WHEN IT CAME TIME for the prom, she got a phone call from him on the white plastic phone in her bedroom. HIs invitation was no more or less inept than the rest of them, but it was out of the question. She was angry at him for not realizing this. She didn’t laugh about it with her friends. She never told anyone. If her mother had found out, she would have insisted that her daughter go to the dance with him. Her mother was strangely protective of the boys who darted around her daughter, as if she were afraid the girl harbored sinister intentions.

As for the father, he didn’t steel-grip their teenage basketball hands and toss them gruff intimidations. He winked at them from his reclining chair and secretly wished them luck. If he had not been drunk, he would have sat in the same chair feeling nervous and invaded, clearing his throat.

Meanwhile, she was kissed by man many always-boys in their Catholic school neckties. She drank wine coolers and relied faithfully upon their Virgin Mary complexes. She only missed her curfew a couple times, which is amazing when you think about it.

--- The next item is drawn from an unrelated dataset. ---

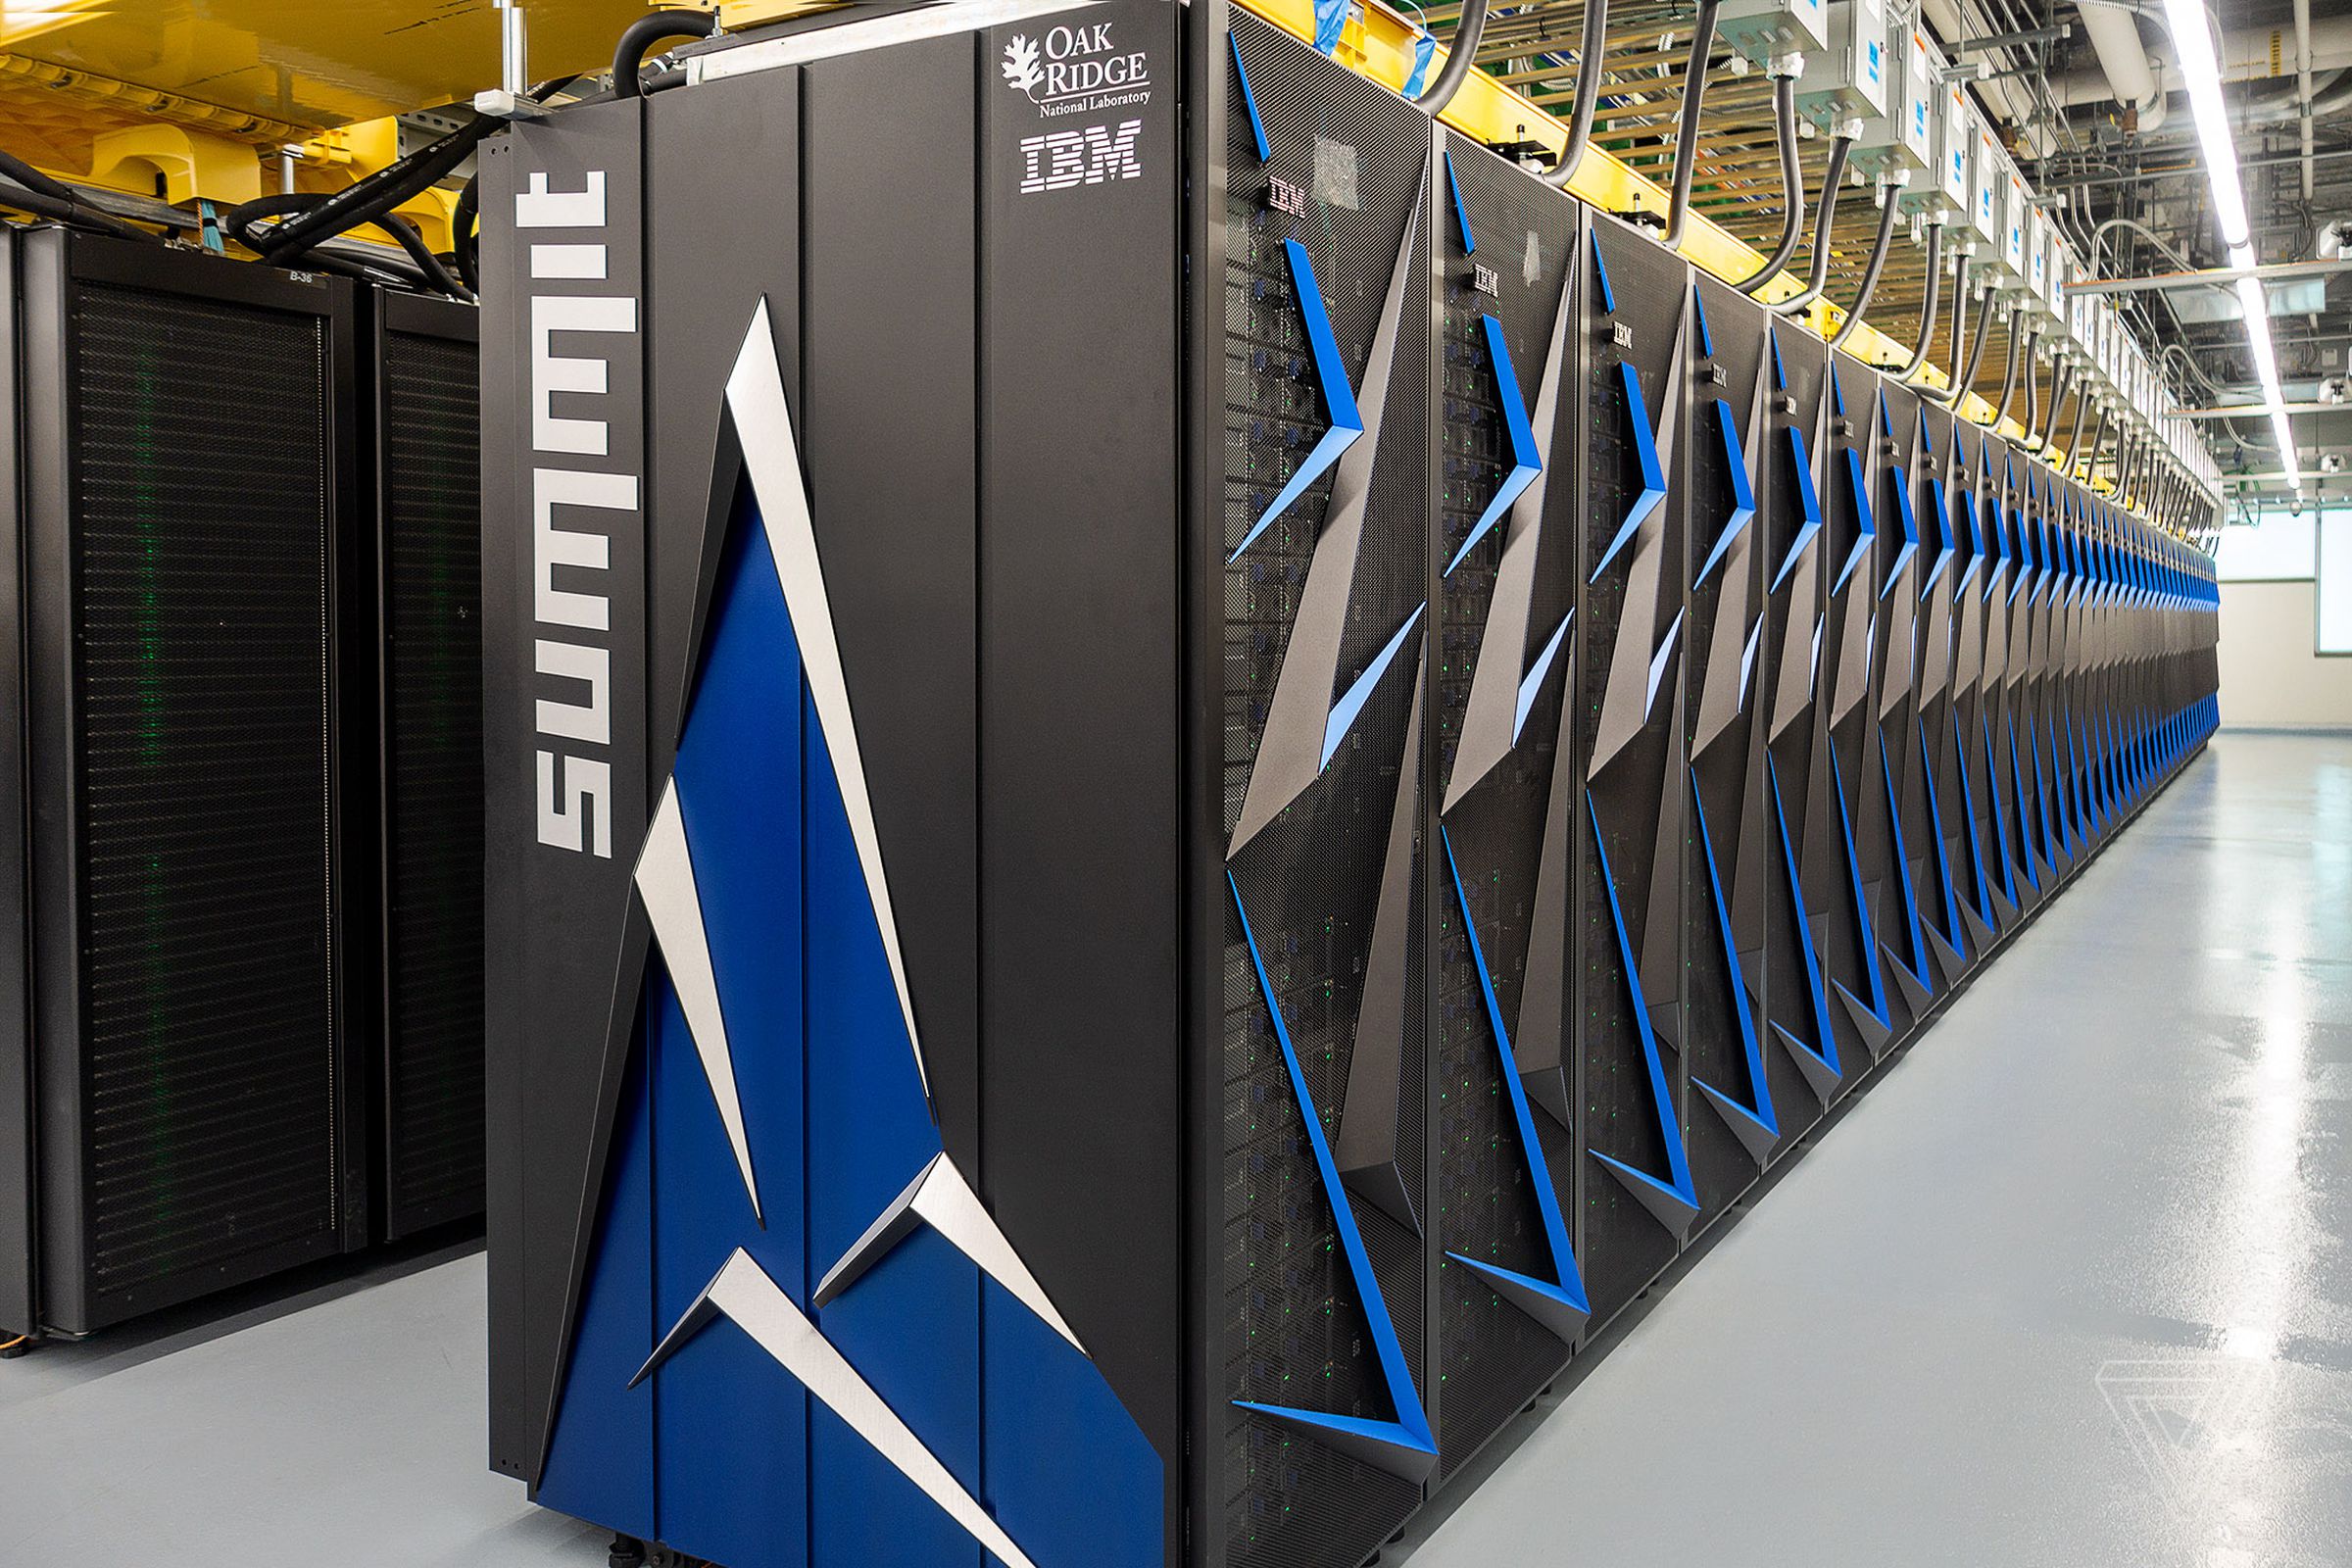 The world’s current fastest supercomputer is Summit, also housed at Oak Ridge National Laboratory.

WHEN SHE REFUSED to go to the prom with him, he swore off girls forever, even though he didn’t know it until years later and always thought it was the checkered waitress who sent him over the edge. When she left her house in aquamarine satin and a sickly dyed corsage, bumbling and bobbing at the elbow of a bristling athlete, his mother spied through the slit in the blinds with his bird-watching binoculars. Her dress was backless and her pointy witch-hat shoulder blades, cocksure as shark fins, both wounded his mother and filled her with ravenous pride.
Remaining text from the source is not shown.